Vitamin E is a free radical scavenger that captures reactive oxygen species and inhibits lipid and protein oxidation; its efficacy in NAFLD was confirmed in a 2015 meta-analysis that examined serum liver enzymes and liver histology [40]. However, the clinical utility and safety of long-term vitamin E administration await future verification.
Sodium glucose co-transporter 2 (SGLT2) inhibitors block the reabsorption of glucose filtered by glomeruli in the proximal renal tubules and lower blood glucose in an insulin-independent manner. In terms of treatments for NAFLD, many reports have indicated that SGLT2 inhibitors improve liver function and decrease liver steatosis, rendering this class of drugs promising [41]. Improvements in inflammation, ballooning degeneration, and fibrosis have been reported only in a small number of patients and over a relatively short period of time. Therefore, studies elaborating on the usefulness of long-term administration of SGLT2 inhibitors in terms of improving liver histology are needed.
Biguanides, particularly metformin, are first-line antihyperglycemic drugs for the treatment of T2DM [42]. Pharmacological metformin doses improve mitochondrial respiration by increasing mitochondrial fission via AMPK activation, leading to suppression of glucose production in the liver [43]. Although numerous studies have been conducted, the effects of metformin on liver histology and serum liver enzymes have not been convincing [44,45]. However, since both clinical and basic studies have reported that carcinogenesis can be inhibited by metformin, large-scale long-term randomized trials of metformin, with and without concomitant drugs, are desirable [46].
Hydroxymethylglutaryl-CoA reductase inhibitors have been widely reported to improve serum lipid and liver enzyme concentrations, although no accurate histological evaluations have been conducted [47]. There have been several reports investigating the efficacy of ezetimibe in NAFLD, although no definitive conclusions have been reached [48]. Regarding ursodeoxycholic acid, no effect of regular doses on NAFLD has been shown [49], although it may be useful at high doses [50].
The involvement of HSCs in the development of NAFLD and fibrosis has been shown in many basic and clinical studies, and therapeutic interventions targeting angiotensin II receptors expressed on HSCs have also been investigated.
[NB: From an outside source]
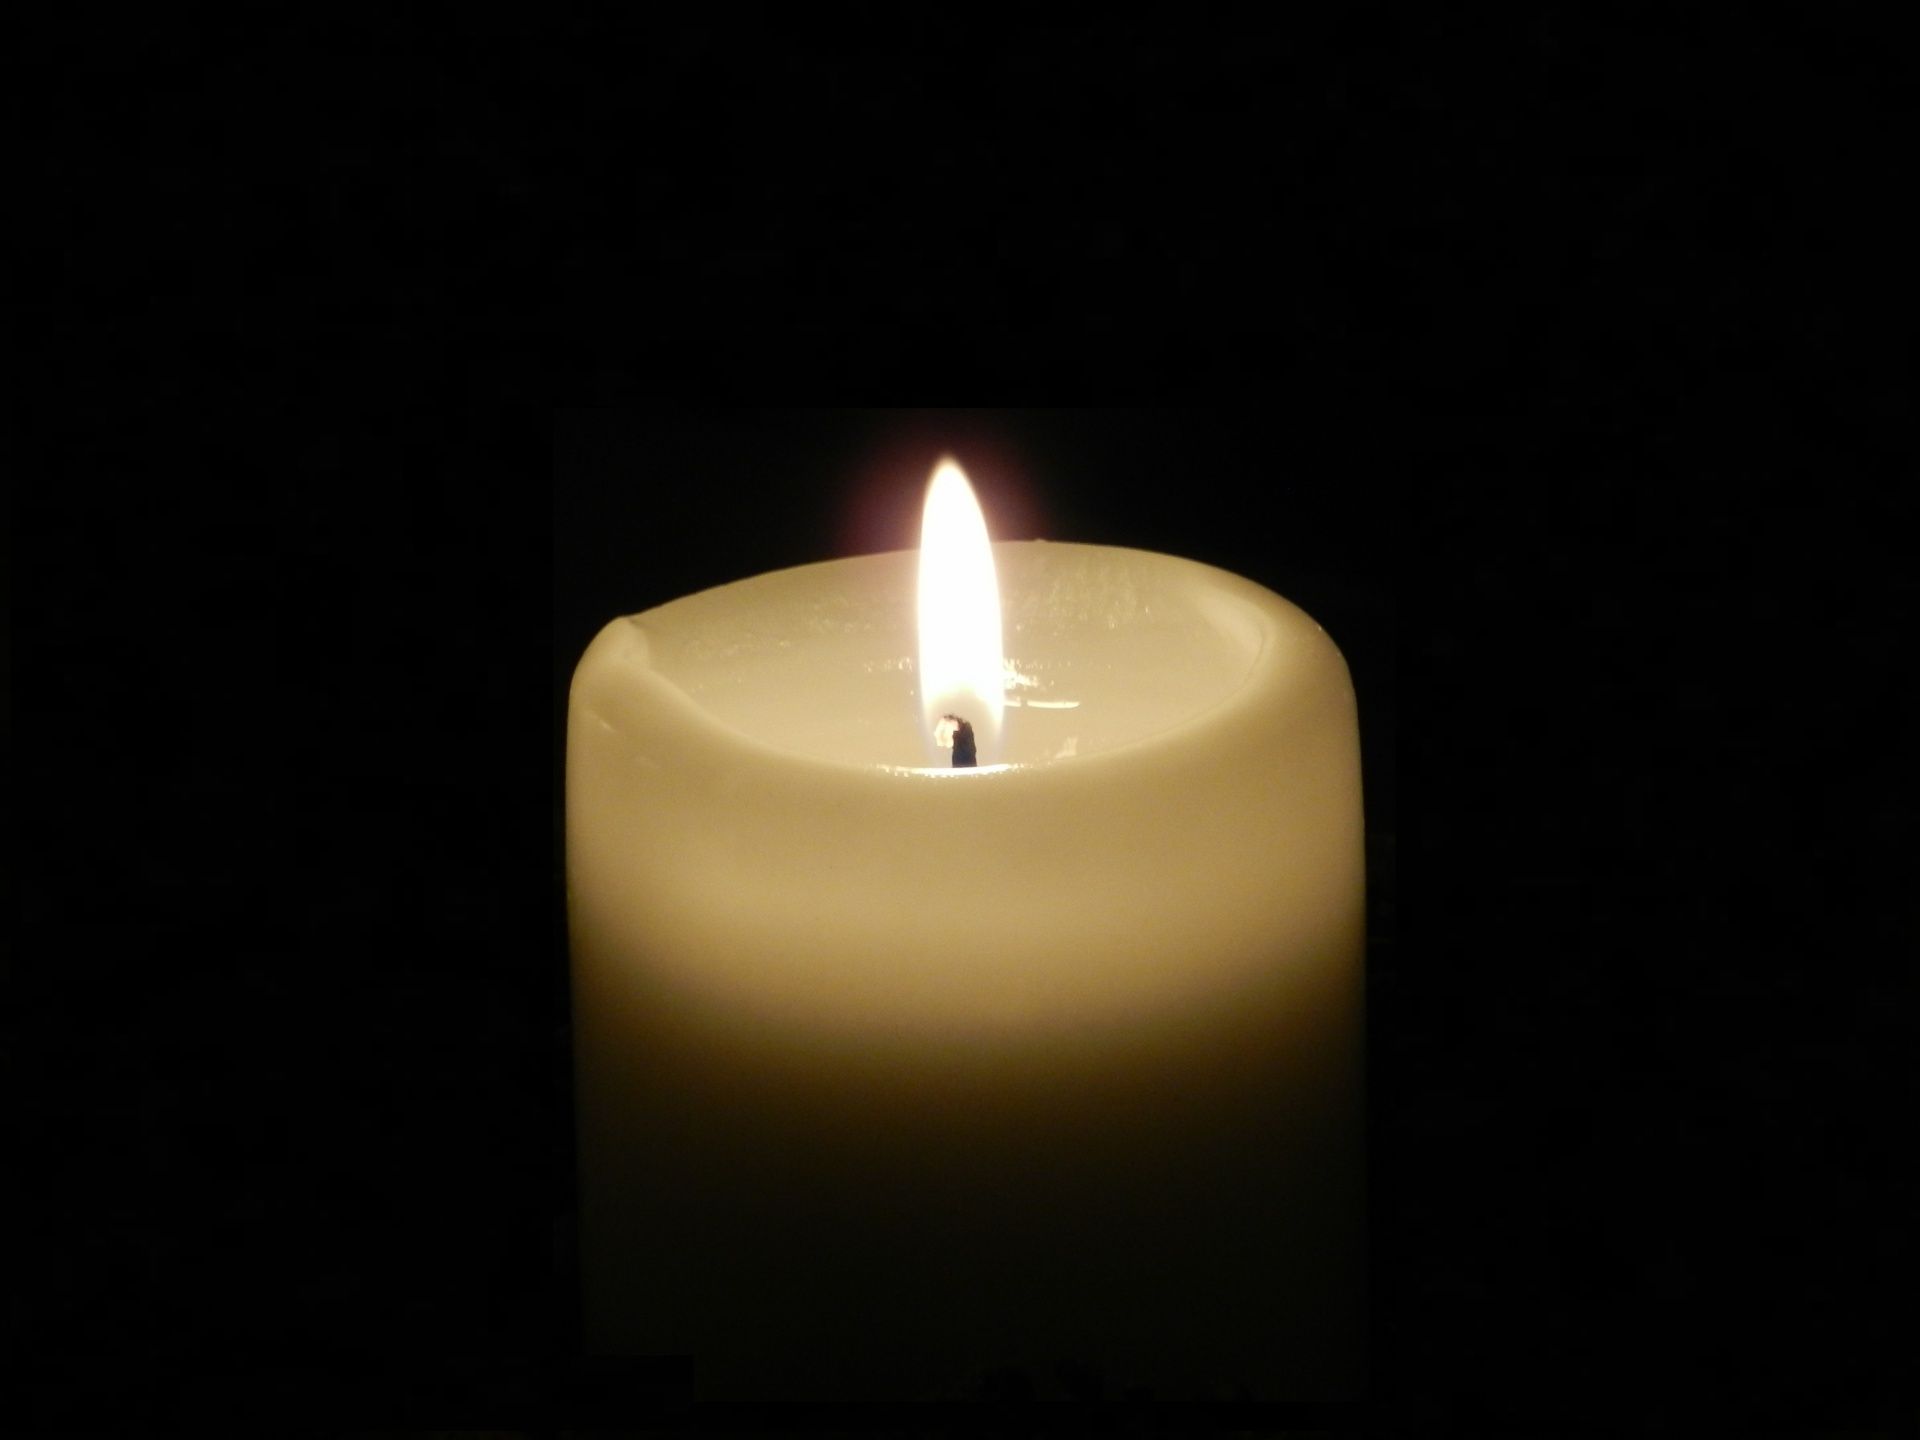 Видео свеча на черном фоне

Angiotensin II receptor blockers and angiotensin-converting enzyme inhibitors have been shown to reduce liver fibrosis and inflammation in patients with NASH, thereby improving liver histology and liver function [51,52,53]. Many patients with NASH have concomitant hypertension, and angiotensin II receptor blockers and angiotensin-converting enzyme inhibitors are widely used as antihypertensive drugs.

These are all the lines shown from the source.